## Exercise prompt:
Output nothing except the lines from the one containing "Macy’s: Alfani Men’s" through the final line of the data, both included, typed exactly, minus the pictures.

## Supplied data:
━━━━━━━━━━━━━━━━━━━━━━━━━━━━━━
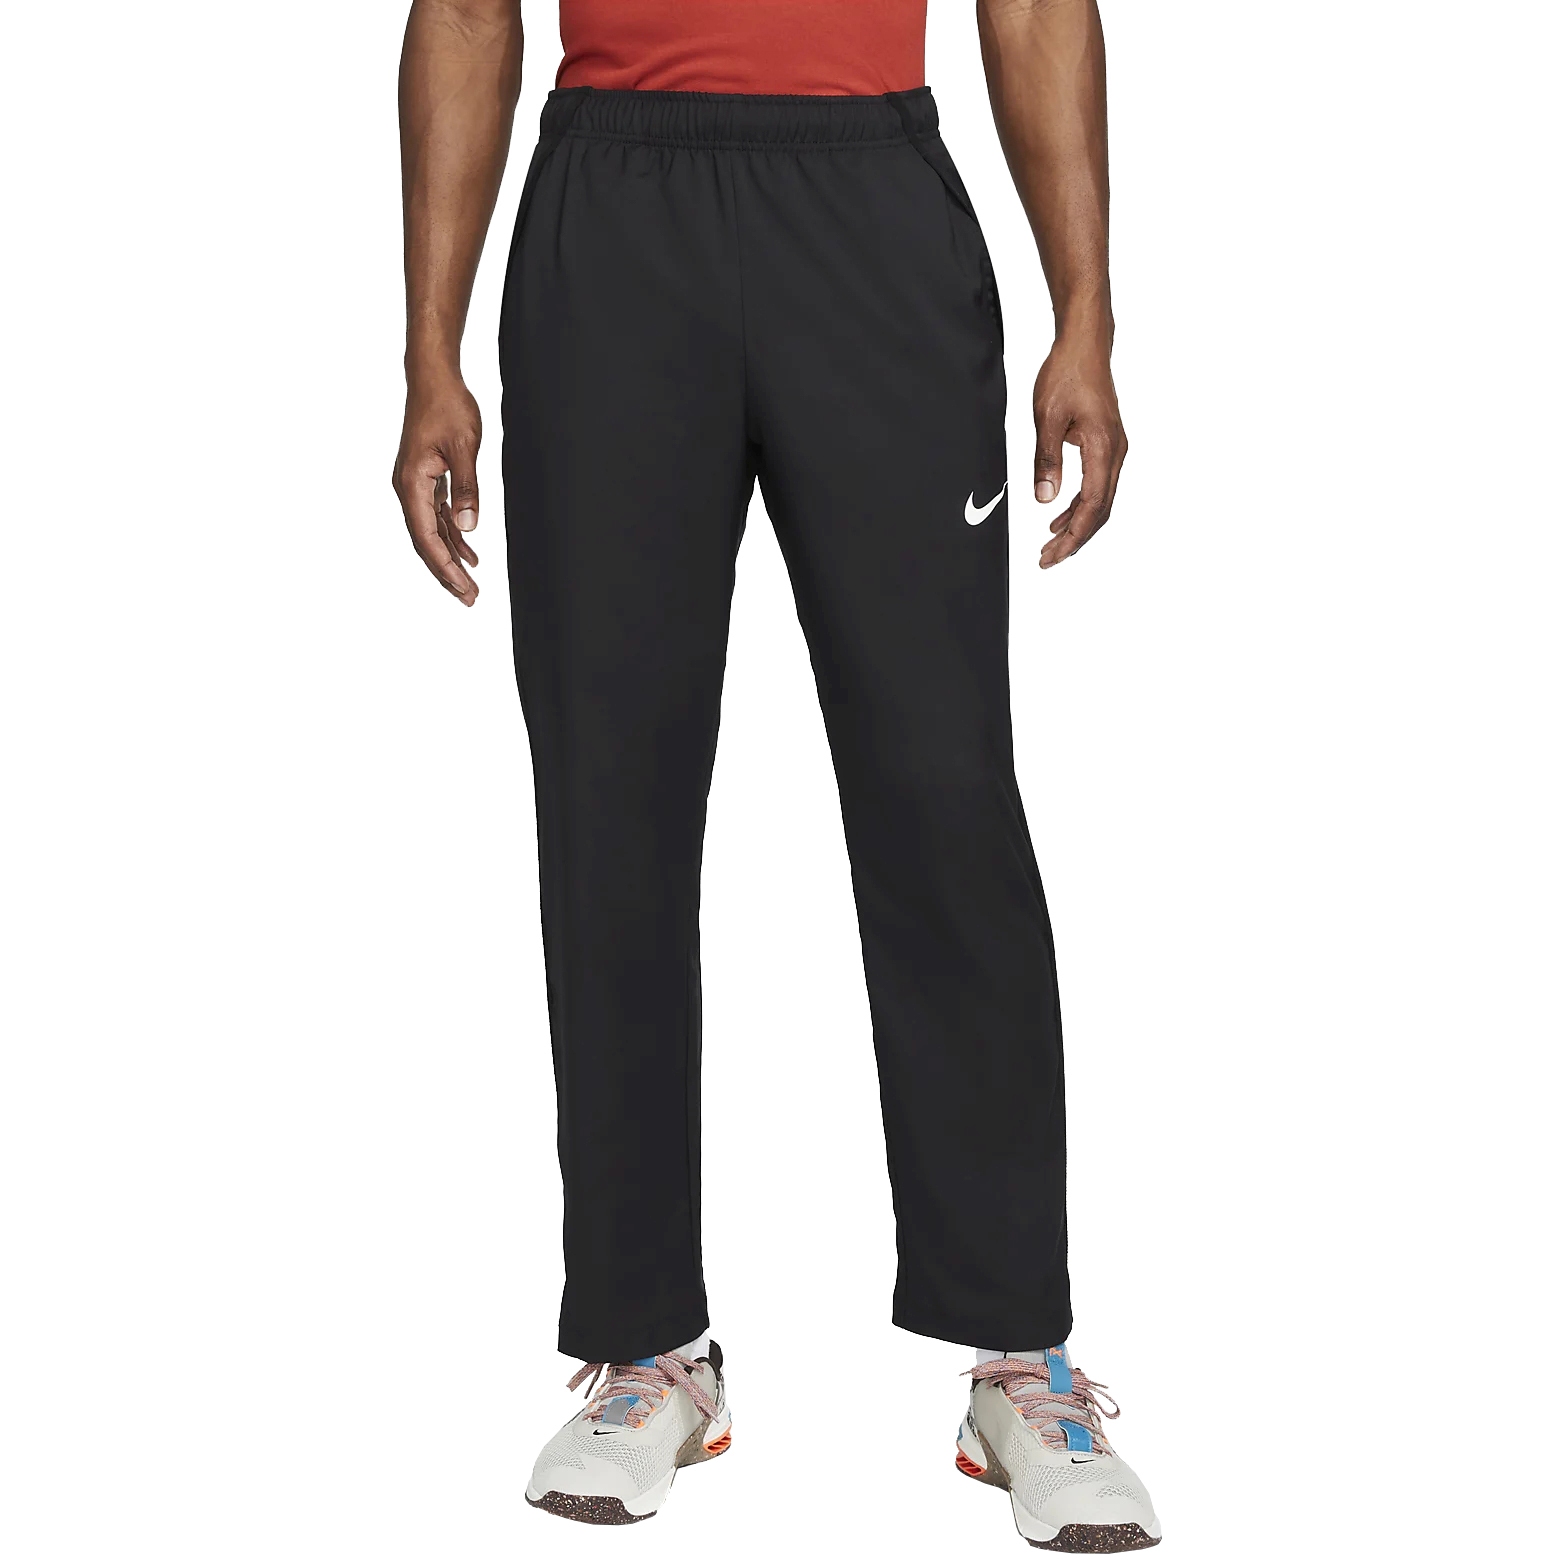 Immagine di Nike Pantaloni da Jogging Uomo - Dri-FIT Team - black/black/white DM6626-010
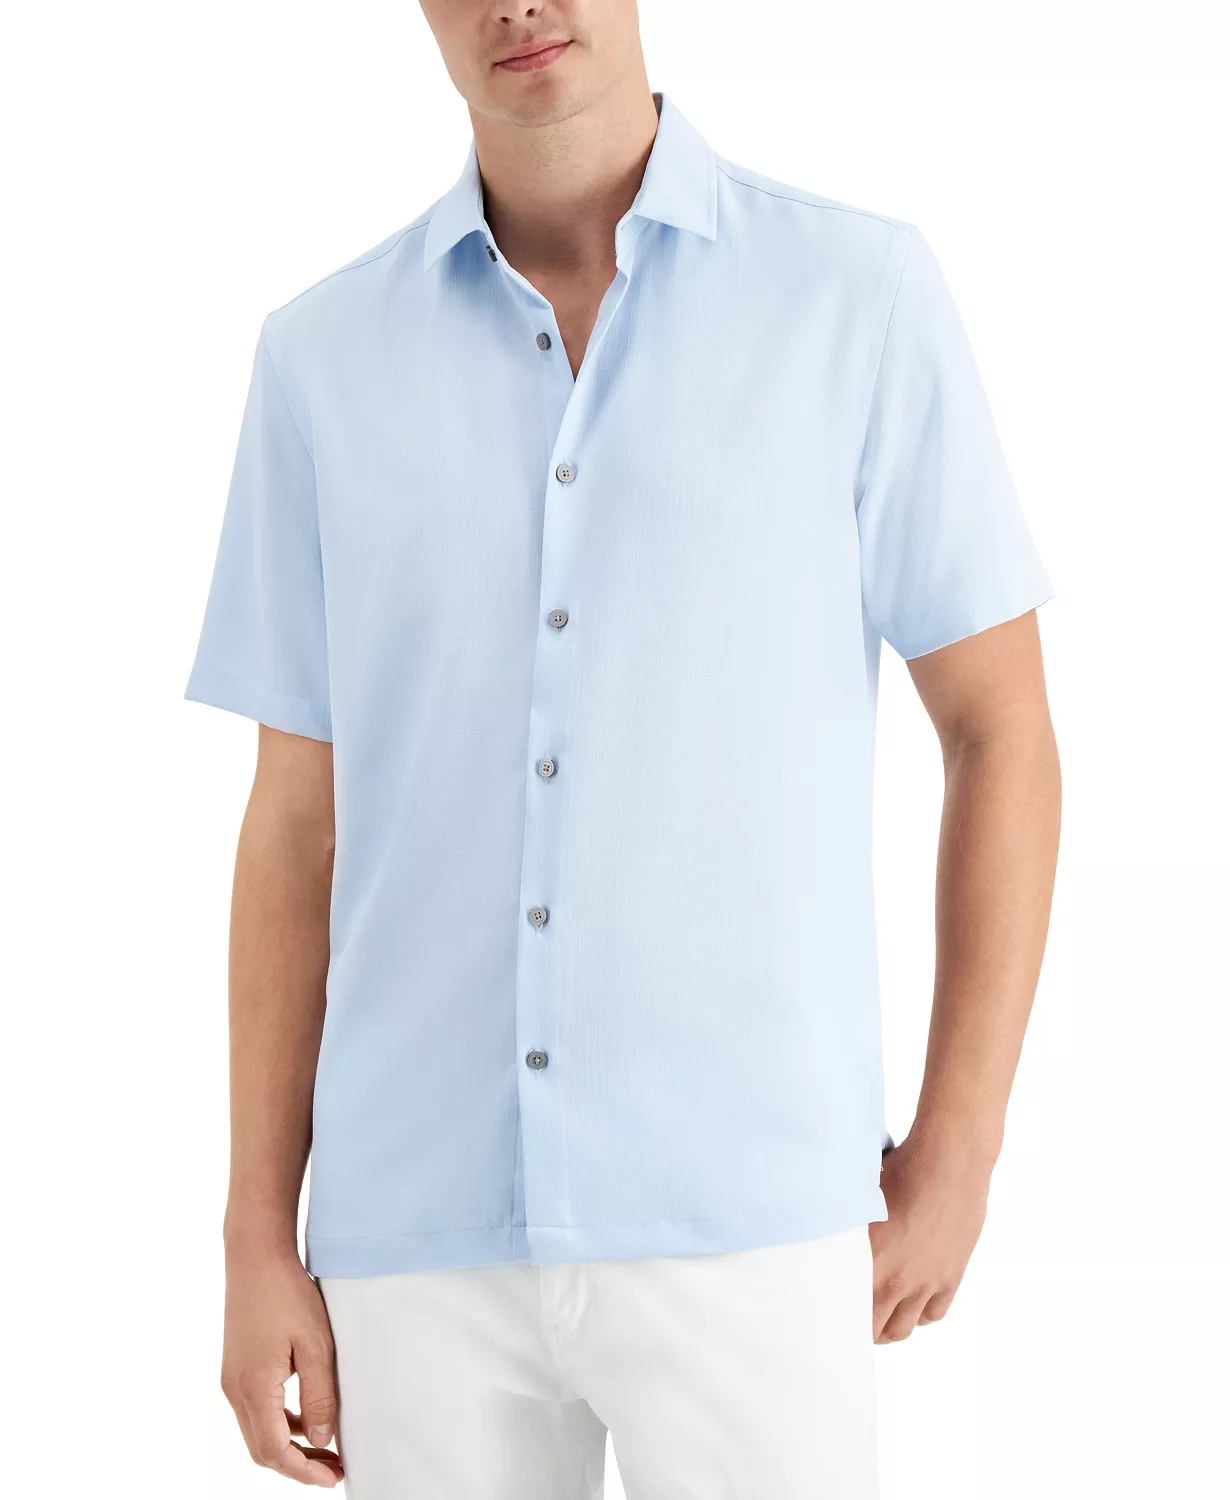 Macy’s: Alfani Men’s Solid Short Sleeve Shirts $6.96
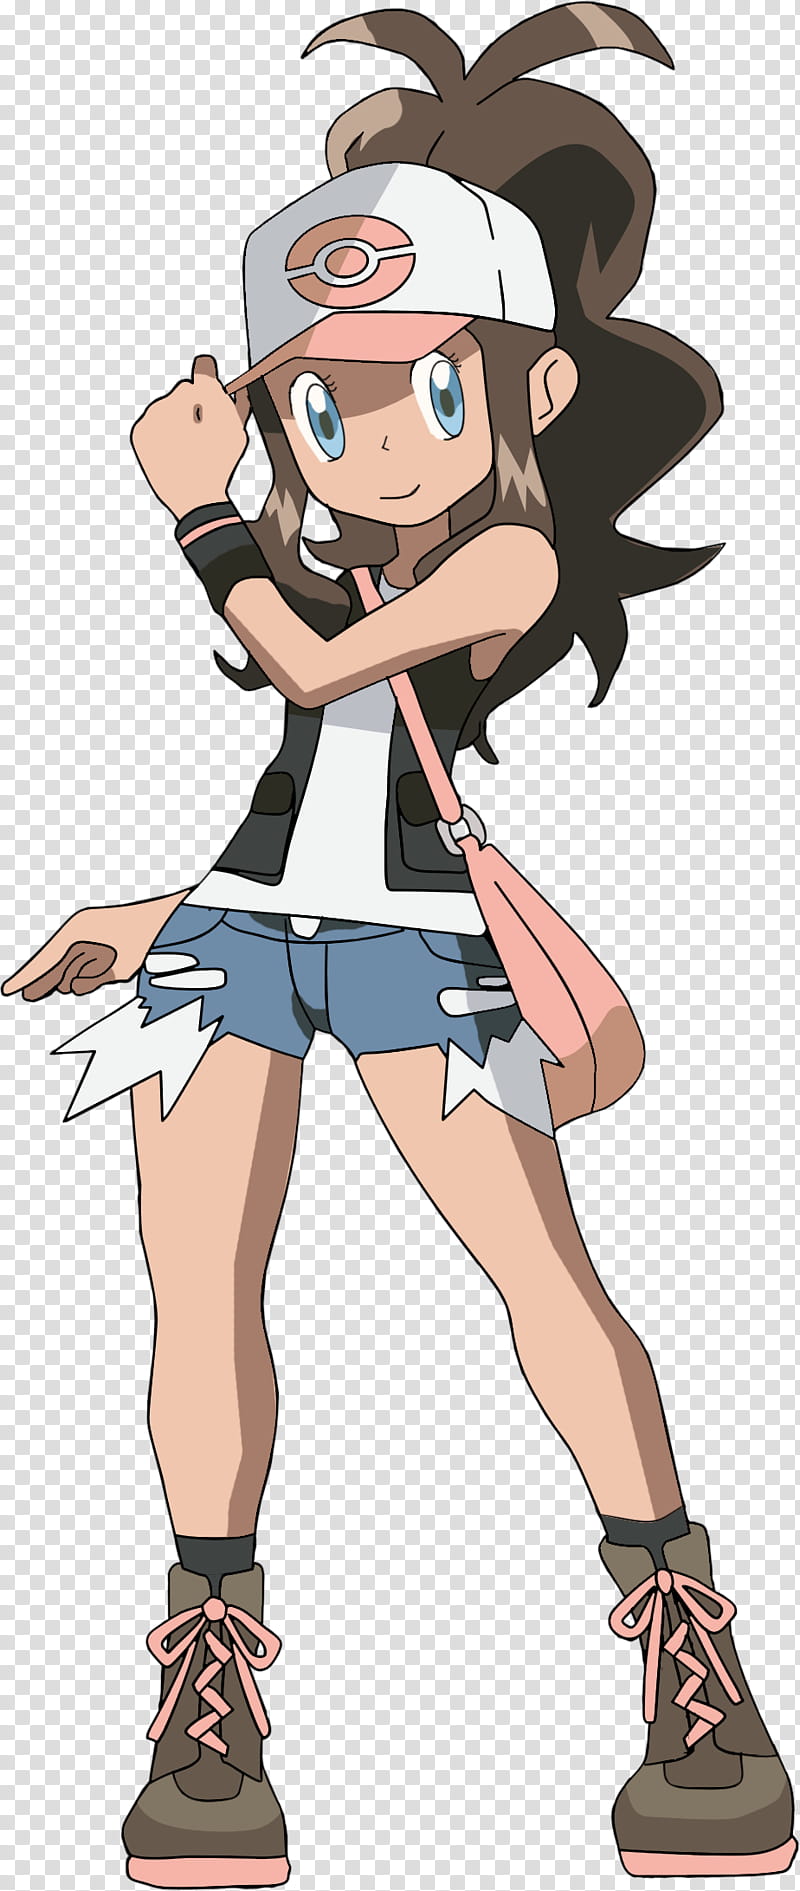 Touko Artwork Style Anime, Hilda of Pokemon transparent background PNG clipart
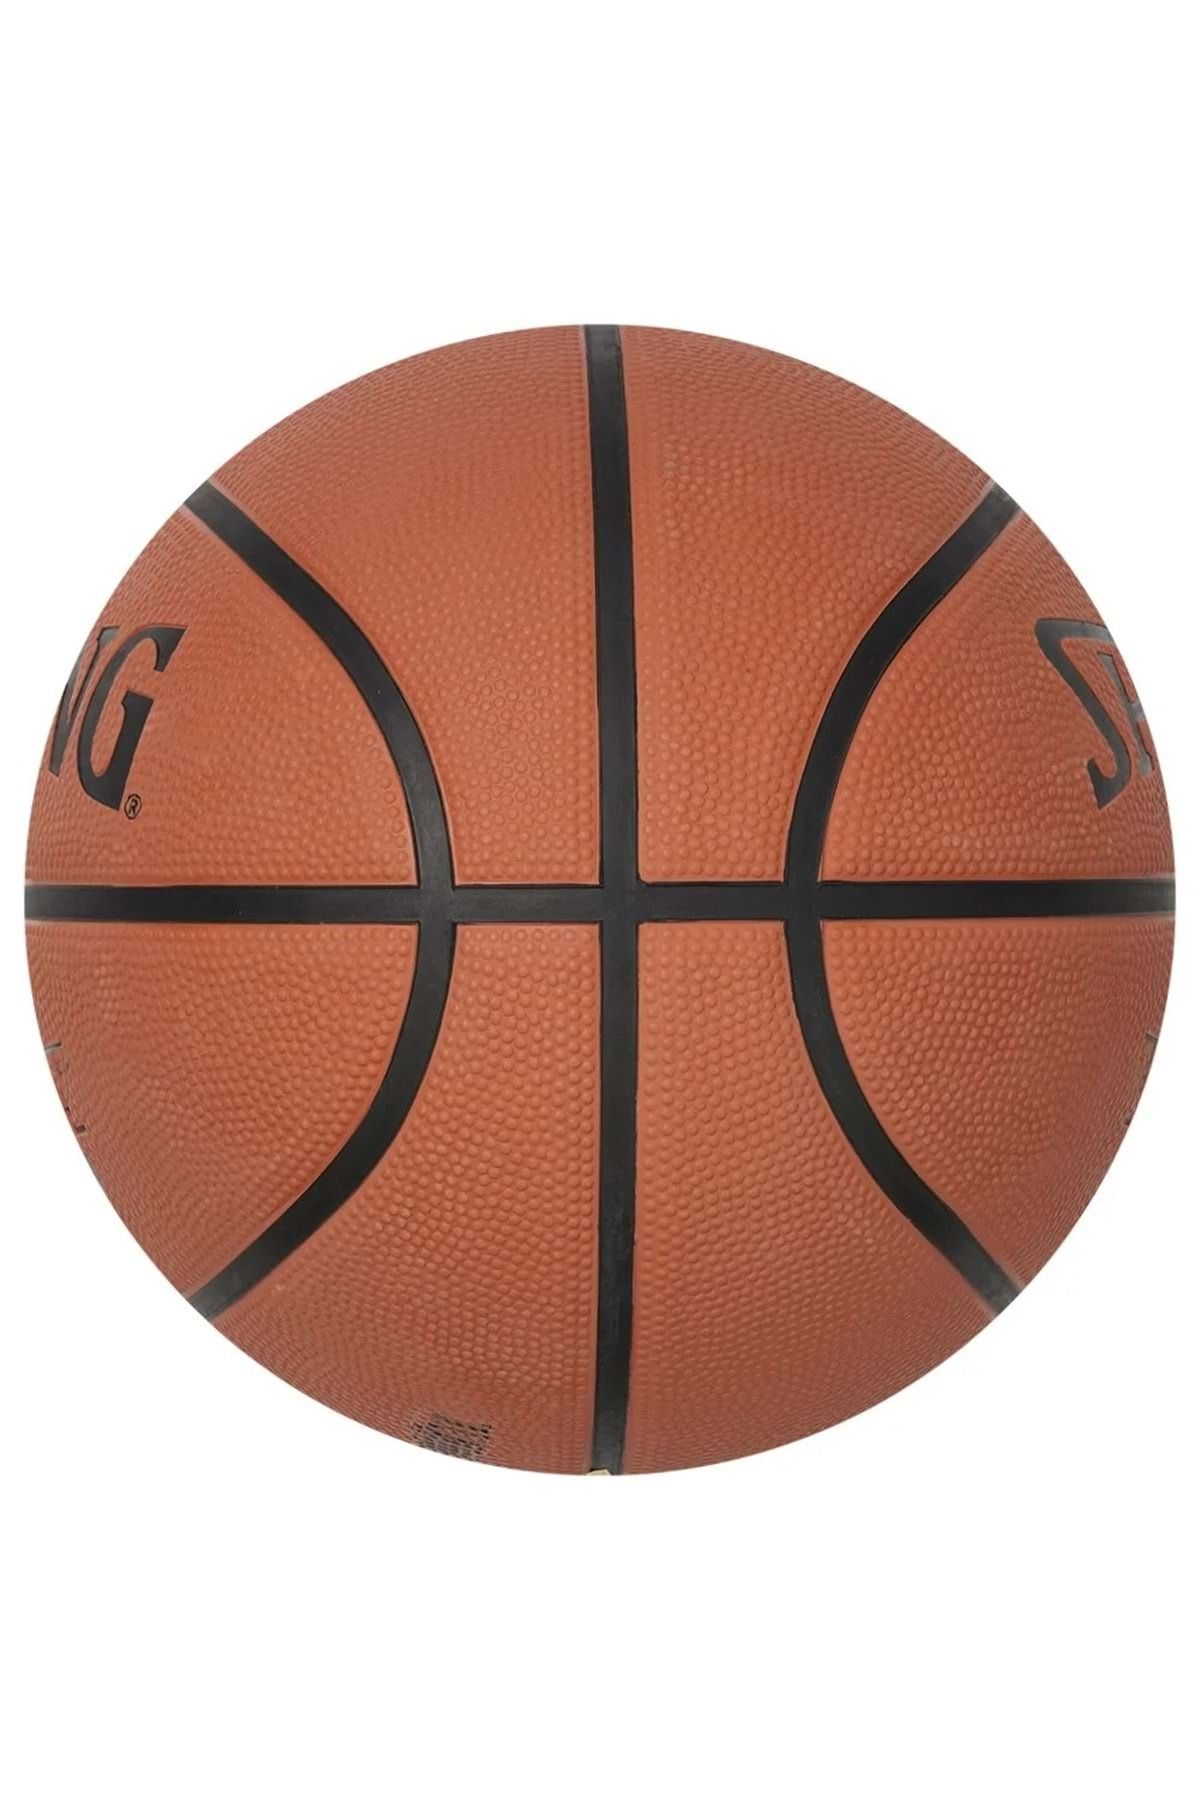 Spalding Basketbol Topu No:7 Tf150
━━━━━━━━━━━━━━━━━━━━━━━━━━━━━━
## Written reply:
 Macy’s: Alfani Men’s Solid Short Sleeve Shirts $6.96
 Touko Artwork Style Anime, Hilda of Pokemon transparent background PNG clipart
 Spalding Basketbol Topu No:7 Tf150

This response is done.